Henry and Sarah Prinsep returned to England in 1843. They settled in 1851 at Little Holland House, and made it a centre of artistic society.

Studies, travel, painter

Henry Thoby Prinsep was a friend of the painter George Frederic Watts, under whom his son first studied, and travelled with Watts in 1856–57 to Sir Charles Thomas Newton's excavation of Halicarnassus. He then went to Charles Gleyre's atelier in Paris. There James Abbott McNeill Whistler, Edward Poynter, and George du Maurier were among his fellow students, and he was later the original for Taffy in Du Maurier's novel Trilby. After Paris, Prinsep passed to Italy. With Edward Burne-Jones he visited Siena and there made the acquaintance of Robert Browning, of whom he saw much in Rome during the winter of 1859–60.

Prinsep was a close friend of John Everett Millais, and of Burne-Jones, with whom he travelled further in Italy. He had a share with Dante Gabriel Rossetti and others in the decoration of the hall of the Oxford Union. With other members of the Pre-Raphaelite Brotherhood, he taught at the Working Men's College during the mid-19th century. He first exhibited at the Royal Academy of Arts in 1862 with his Bianca Capella, his first picture, which attracted notice as a portrait (1866) of General Gordon in Chinese costume. Prinsep lent the costume to Millais who used it in his own painting Esther.

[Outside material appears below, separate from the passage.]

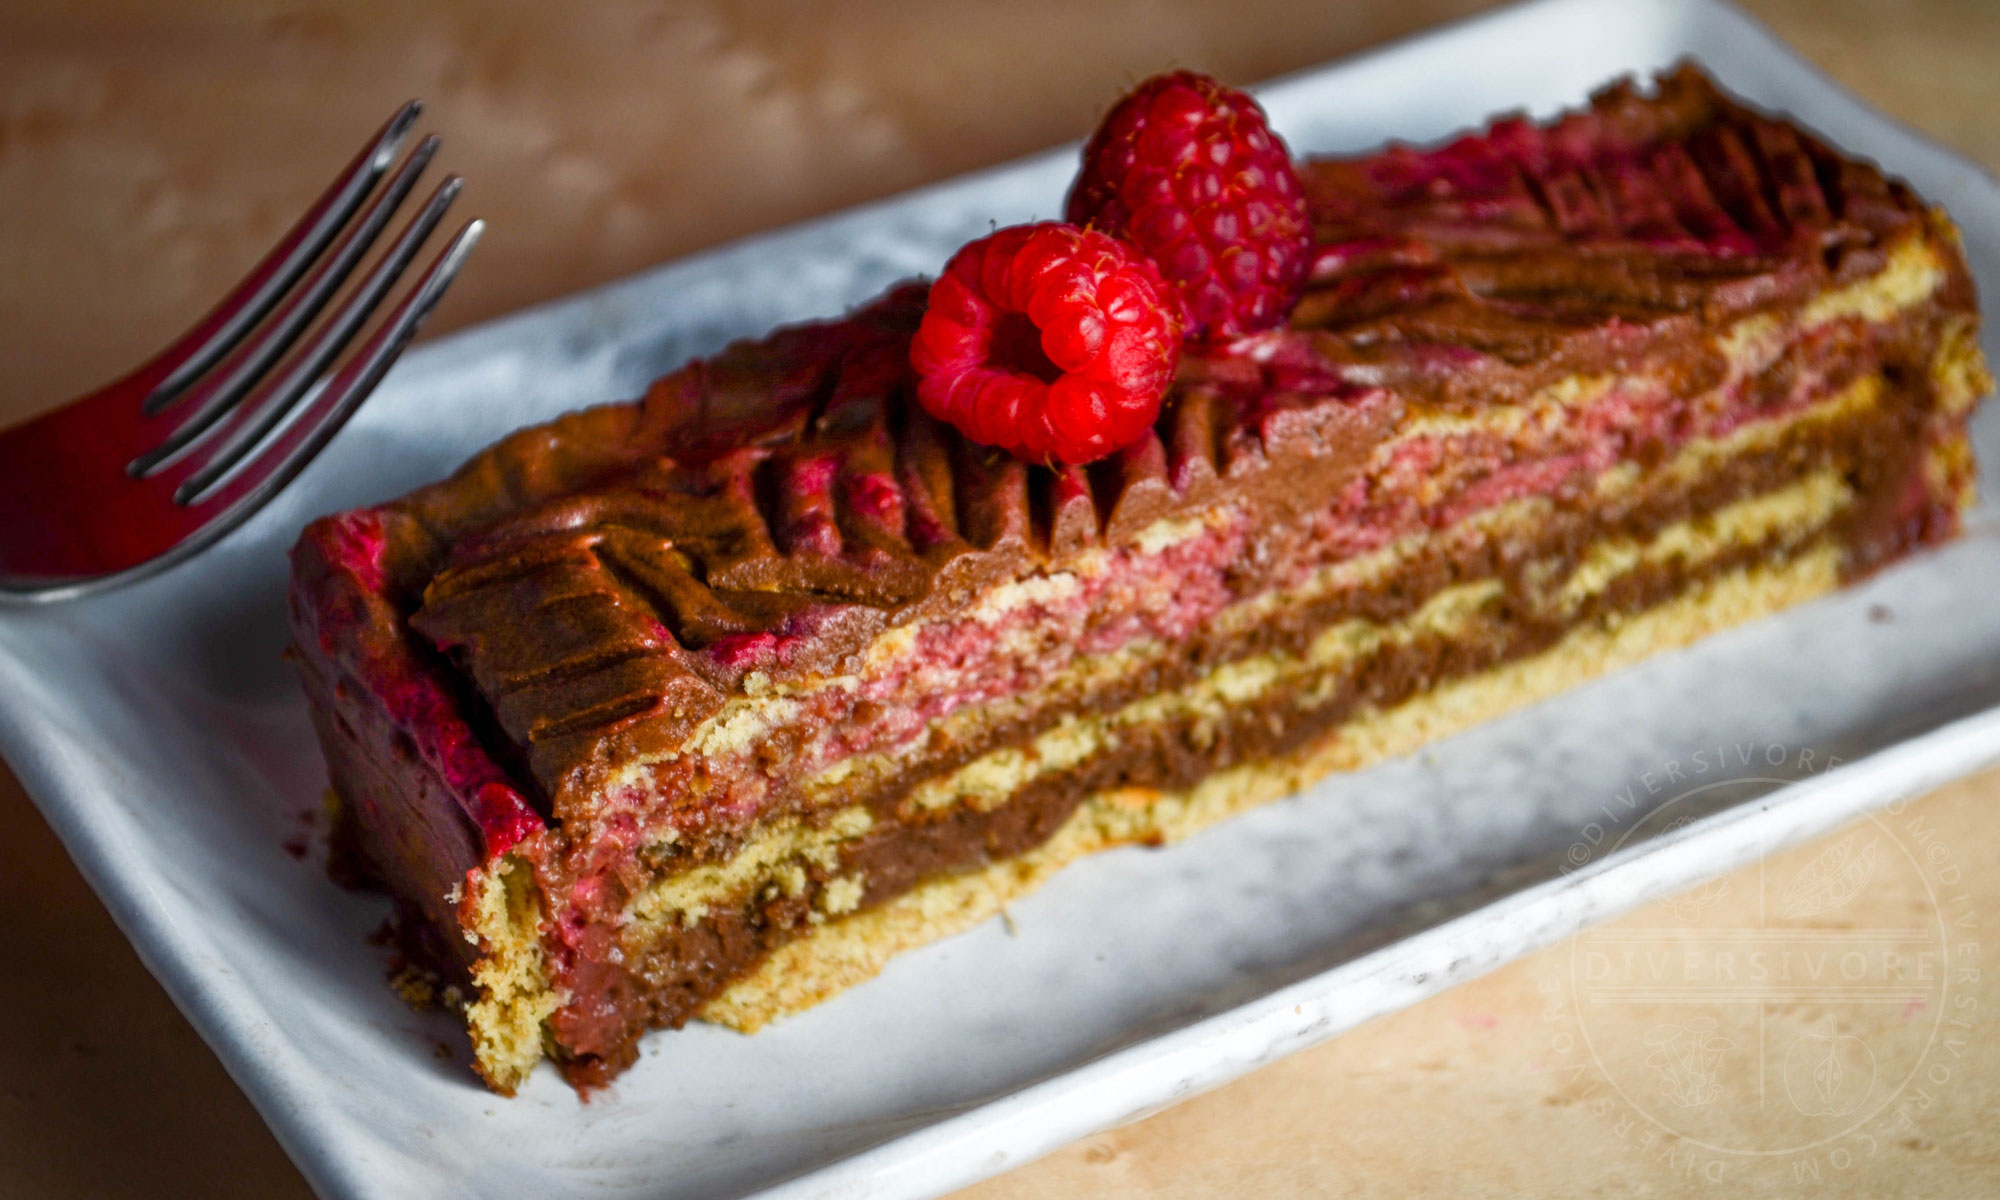 Chocolate Raspberry Rose Icebox Cake slice topped with two raspberries and served on a rectangular plate
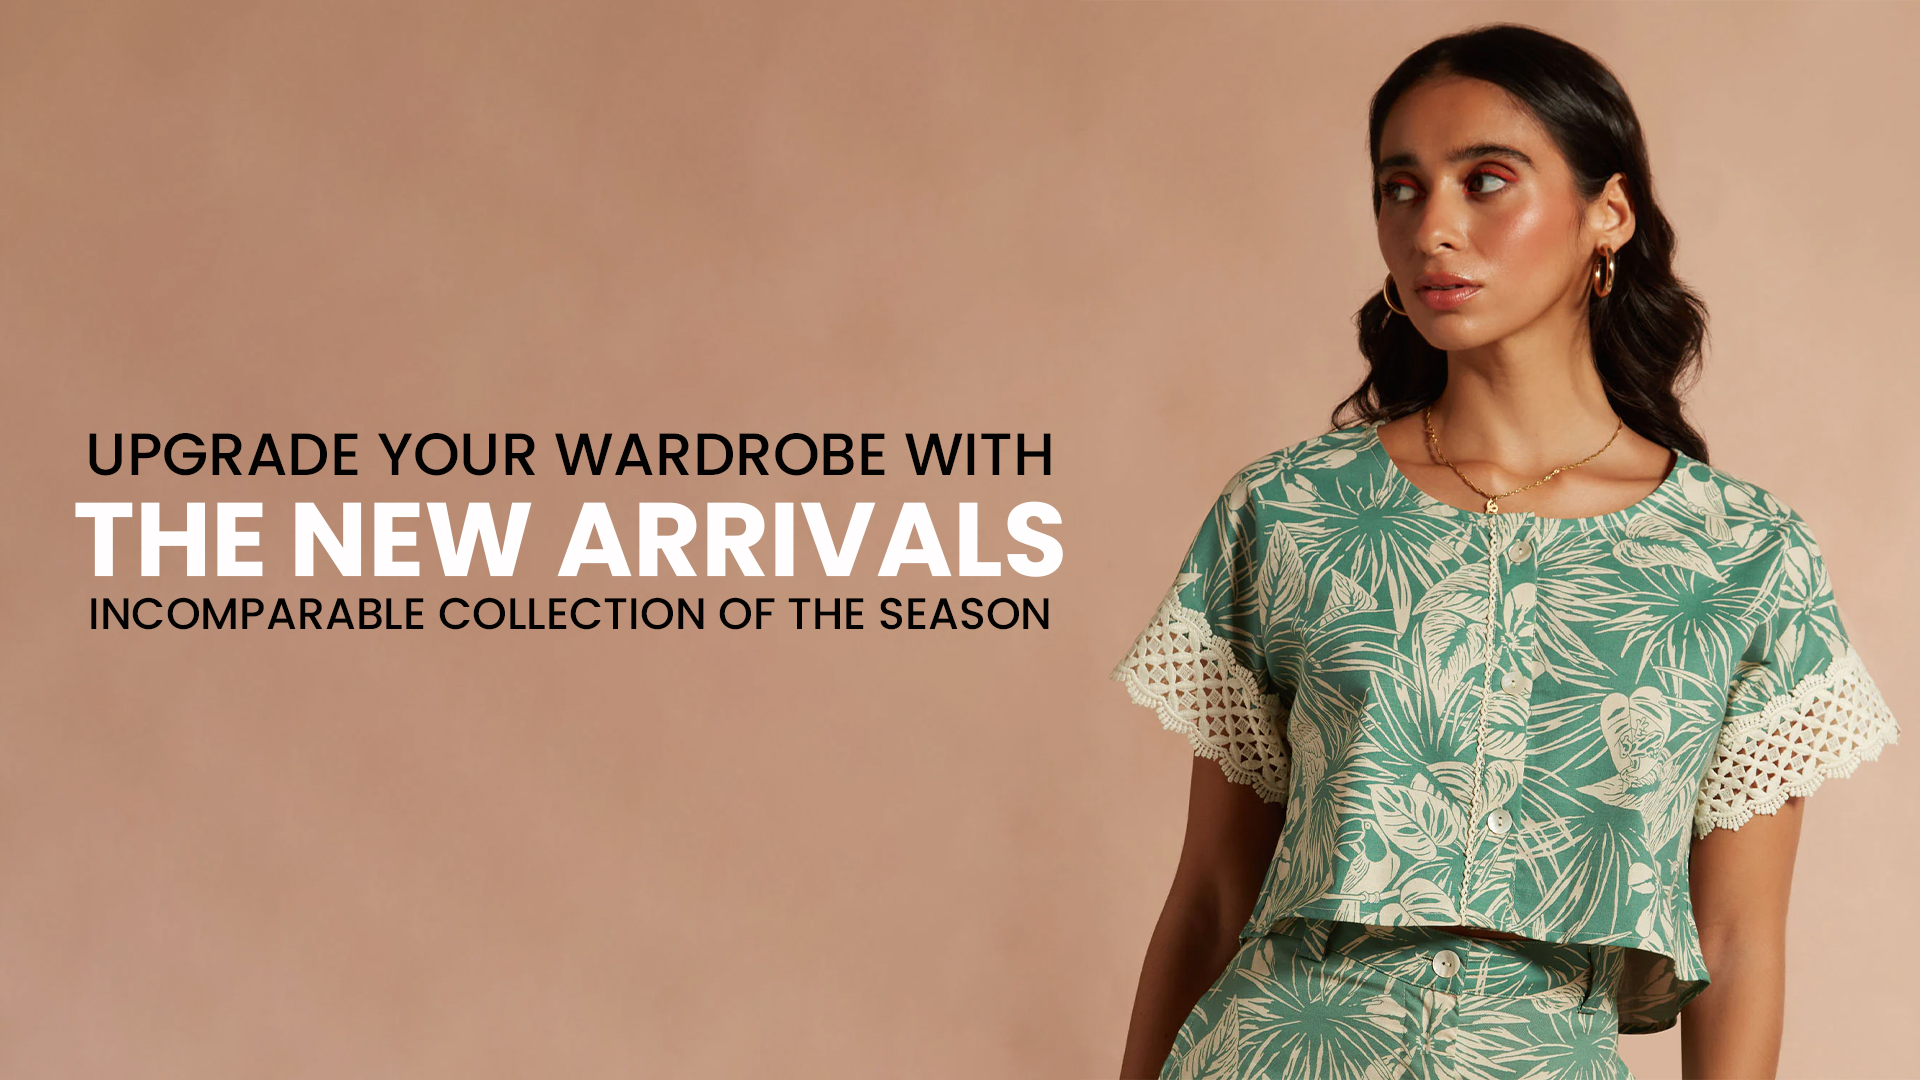 UPGRADE YOUR WARDROBE WITH THE NEW ARRIVALS - INCOMPARABLE COLLECTION OF THE SEASON

From 1862 to his death Prinsep was an annual exhibitor at the Royal Academy. He was elected A.R.A. in 1879 and R.A. in 1894. His marriage in 1884 made Prinsep a wealthy man, and he became a company director and landowner.

Death and monument

Prinsep died at Holland Park, west London in 1904, and is buried in Brompton Cemetery, London. He was buried with his wife Florence. The distinctive Roman style monument lies on the western path between the north entrance and the central buildings. He was an enthusiastic volunteer, and one of the founders of the Artists Rifles.

Works
Prinsep's major paintings were Miriam watching the infant Moses (exhibited at the Royal Academy in 1867), A Venetian lover (1868), Bacchus and Ariadne (1869), News from abroad (1871), The linen gatherers (1876), The gleaners, and A minuet.

In 1877, Prinsep returned to India and painted a huge picture of the Delhi Durbar. It was a commission from Robert Bulwer-Lytton, 1st Earl of Lytton, the Viceroy of India. It was exhibited in 1880 at the Royal Academy, presented to Queen Victoria and afterwards hung at Buckingham Palace. This "colossal work" attracted press comment, positive and negative. Later exhibits were À Versailles, The Emperor Theophilus chooses his Wife, The Broken Idol and The Goose Girl.

Prinsep wrote two plays, Cousin Dick and Monsieur le Duc, produced at the Royal Court Theatre and the St James's Theatre theatres respectively; two novels; and Imperial India: an Artist's Journal (1879).

Family
Prinsep married in 1884 Florence née Leyland, daughter of Frederick Richards Leyland of Wootten Hall, Liverpool. She survived him, they had three sons.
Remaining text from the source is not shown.